Lecanemab is a humanized, monoclonal antibody targeting amyloid protofibrils for the treatment of AD. It has been studied in the BAN2401-G000-201 trial (Study 201; NCT01767311) [7] and in an ongoing phase III clinical trial (CLARITY AD; NCT03887455) [8]. Study 201 was a randomized, double-blinded, phase II trial that assessed the efficacy and safety of lecanemab vs. placebo using a Bayesian adaptive design with response adaptive randomization. The study evaluated 856 patients with mild cognitive impairment (MCI) due to AD and mild AD dementia who were amyloid positive. Statistical significance was achieved on key efficacy endpoints after 18 months in patients receiving 10 mg/kg biweekly compared with placebo. Endpoints included the reduction of amyloid by positron emission tomography (PET) standard uptake value ratio (SUVr) accumulated in the brain (− 0.30 adjusted mean change from baseline) and slowing progression in key cognition scales (AD Composite Score [ADCOMS], 30%; and Clinical Dementia Rating Scale-Sum of Boxes [CDR-SB], 26%) [9]. Dose-dependent changes from baseline were observed across the amyloid PET results and the clinical endpoints.

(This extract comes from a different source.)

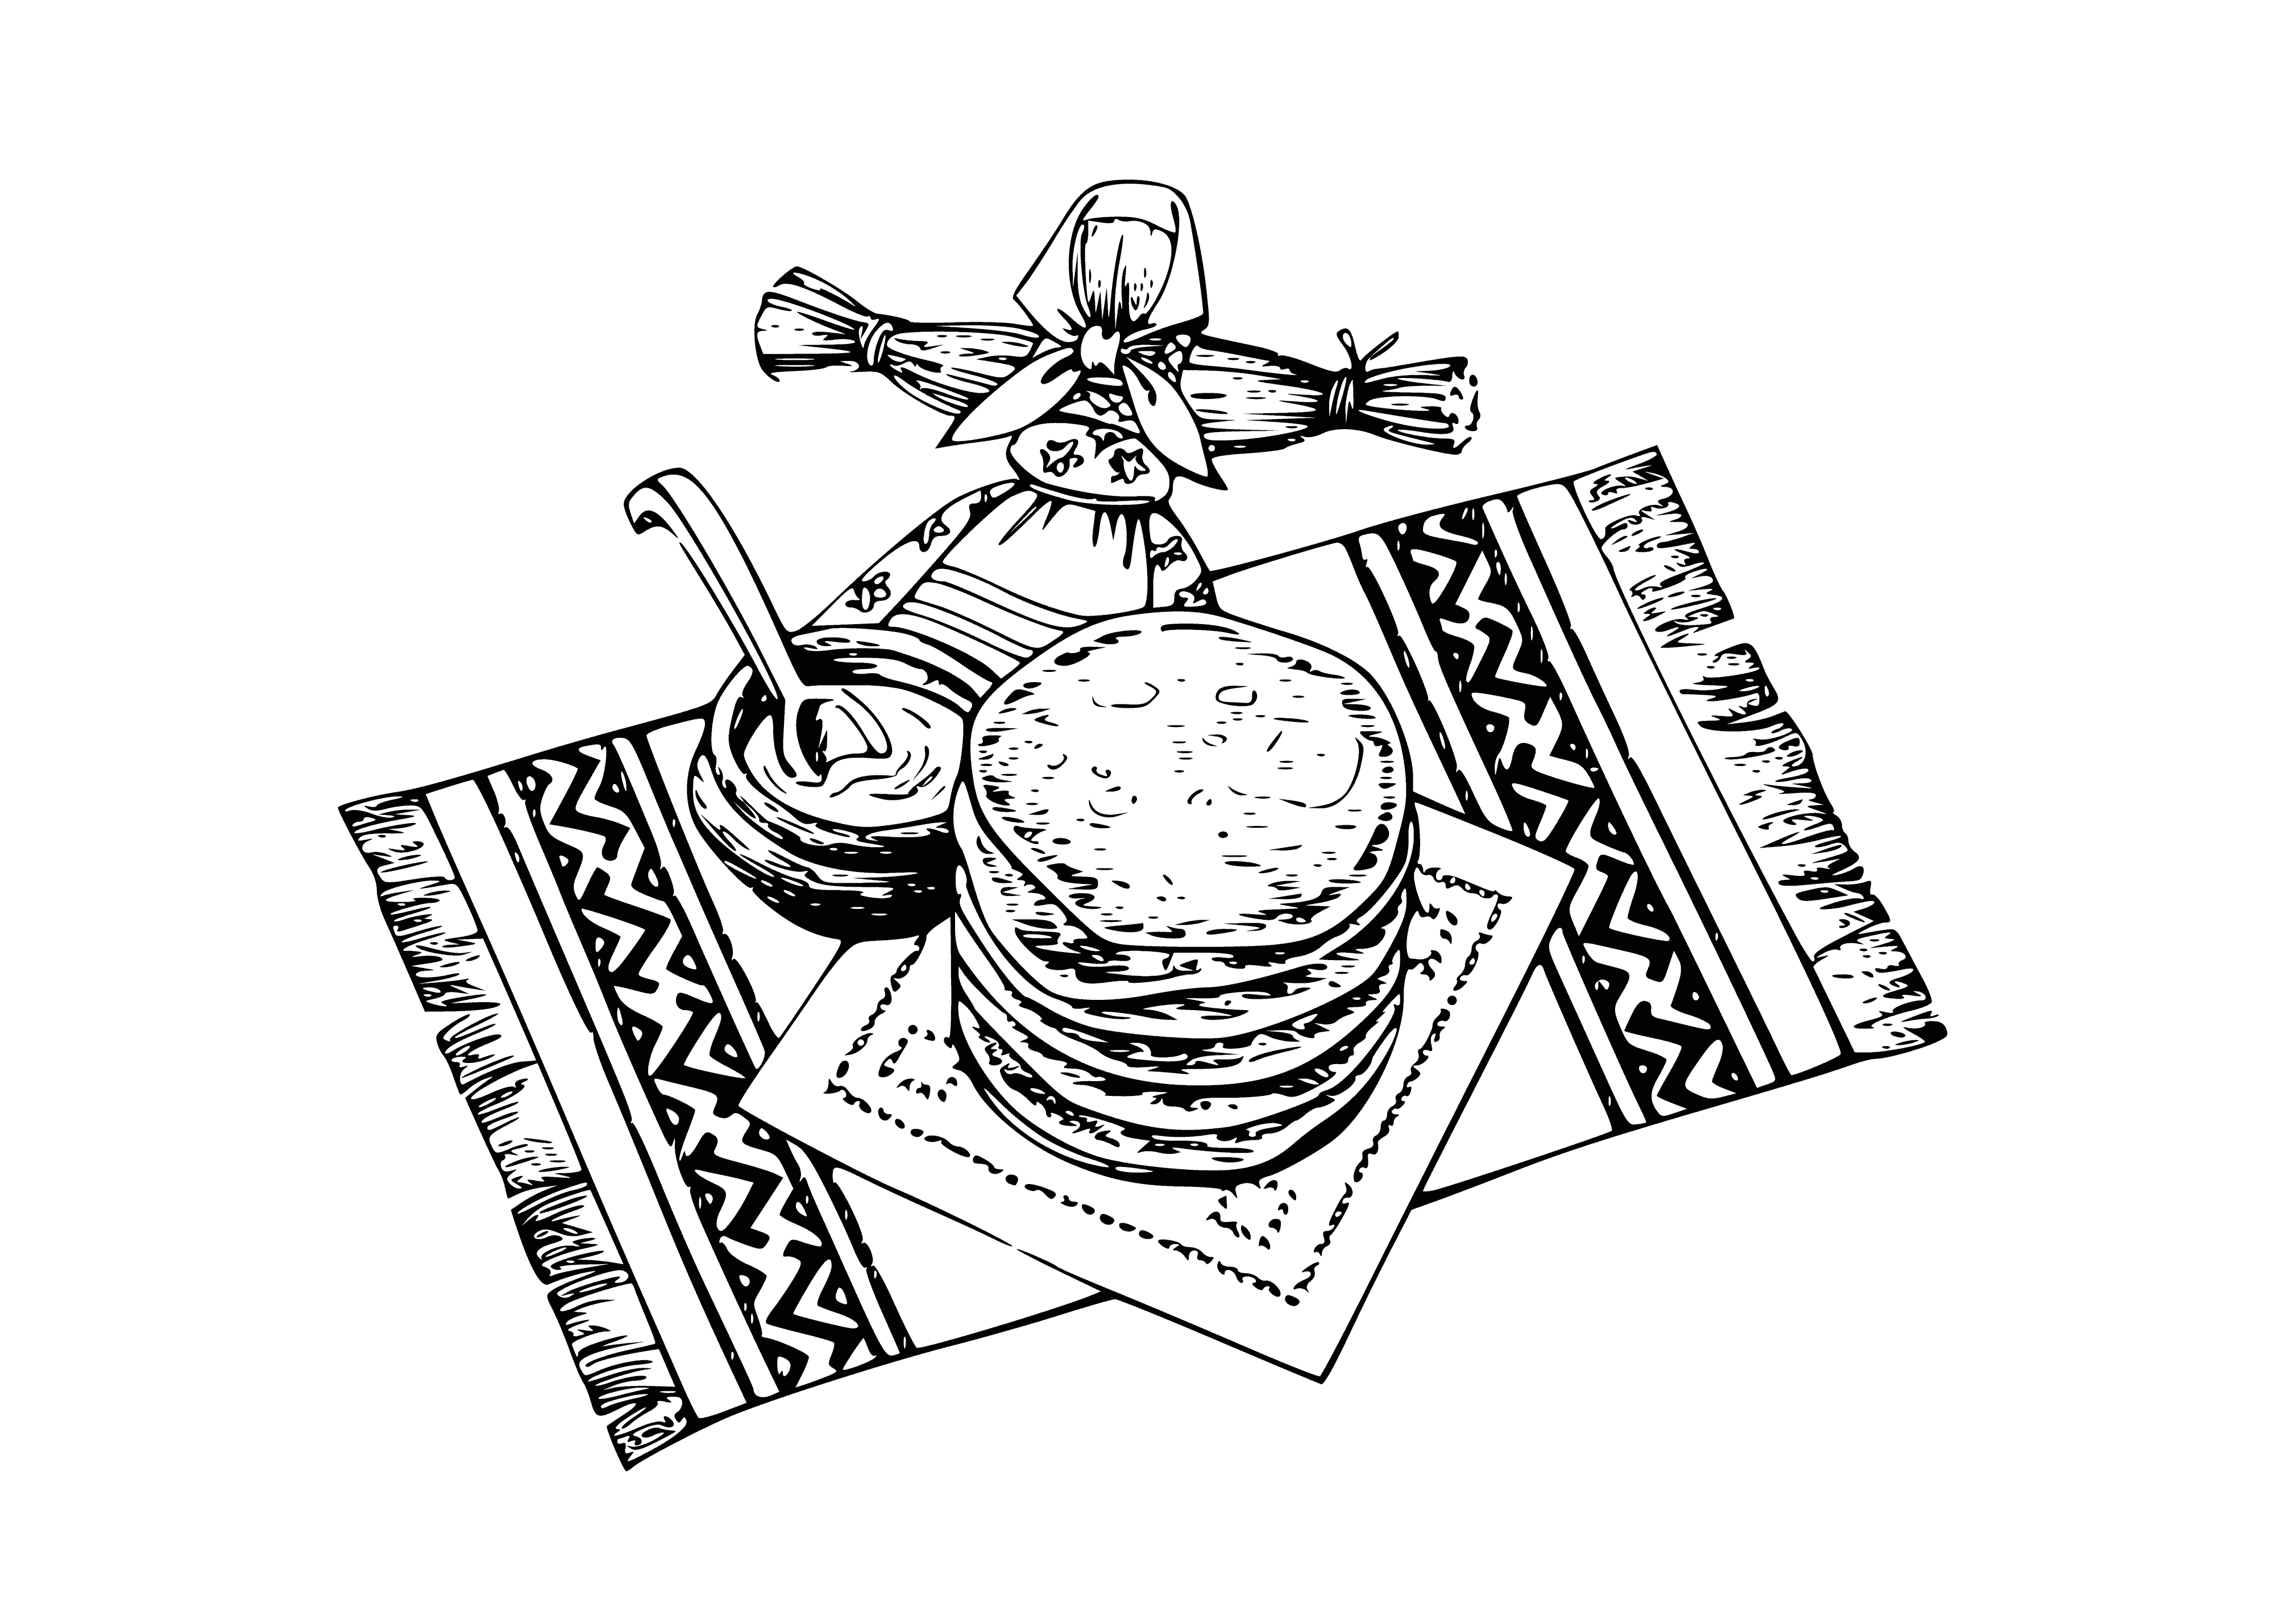 coloring page: Coloring page of woman cooking pancakes while text reads "Pancake Week - Shrovetide". Have fun during the festival!

The objective of this study was to estimate the potential VBP of lecanemab + standard of care (SoC) based on the observed phase II efficacy in Study 201 vs. SoC alone corresponding to the broader range of willingness-to-pay (WTP) thresholds recommended by ICER in its Value Assessment Framework (from $50,000 to $200,000 per QALY) [10]. An evidence-based disease simulation model [11] was updated with data from Study 201 and published literature to compare lecanemab + SoC vs. SoC alone in different patient populations, both from the US payer and societal perspectives; costs and disutility for caregivers were also considered.
Methods
Model Overview
AD Archimedes condition-event (ACE) is a patient-level simulator that captures complex interactions among key AD pathology components (e.g., underlying biomarkers such as Aβ measures and tau levels) and the clinical presentation of AD, based on various patient-level scales of cognition, behavior, function, and dependence (Fig. 1) [11, 12]. Comprehensive external validations using patient registries, clinical trials, and published literature have shown that AD ACE can correctly predict and provide reasonable transition estimates of AD dementia, institutionalization, and mortality over a long-term horizon [11, 12].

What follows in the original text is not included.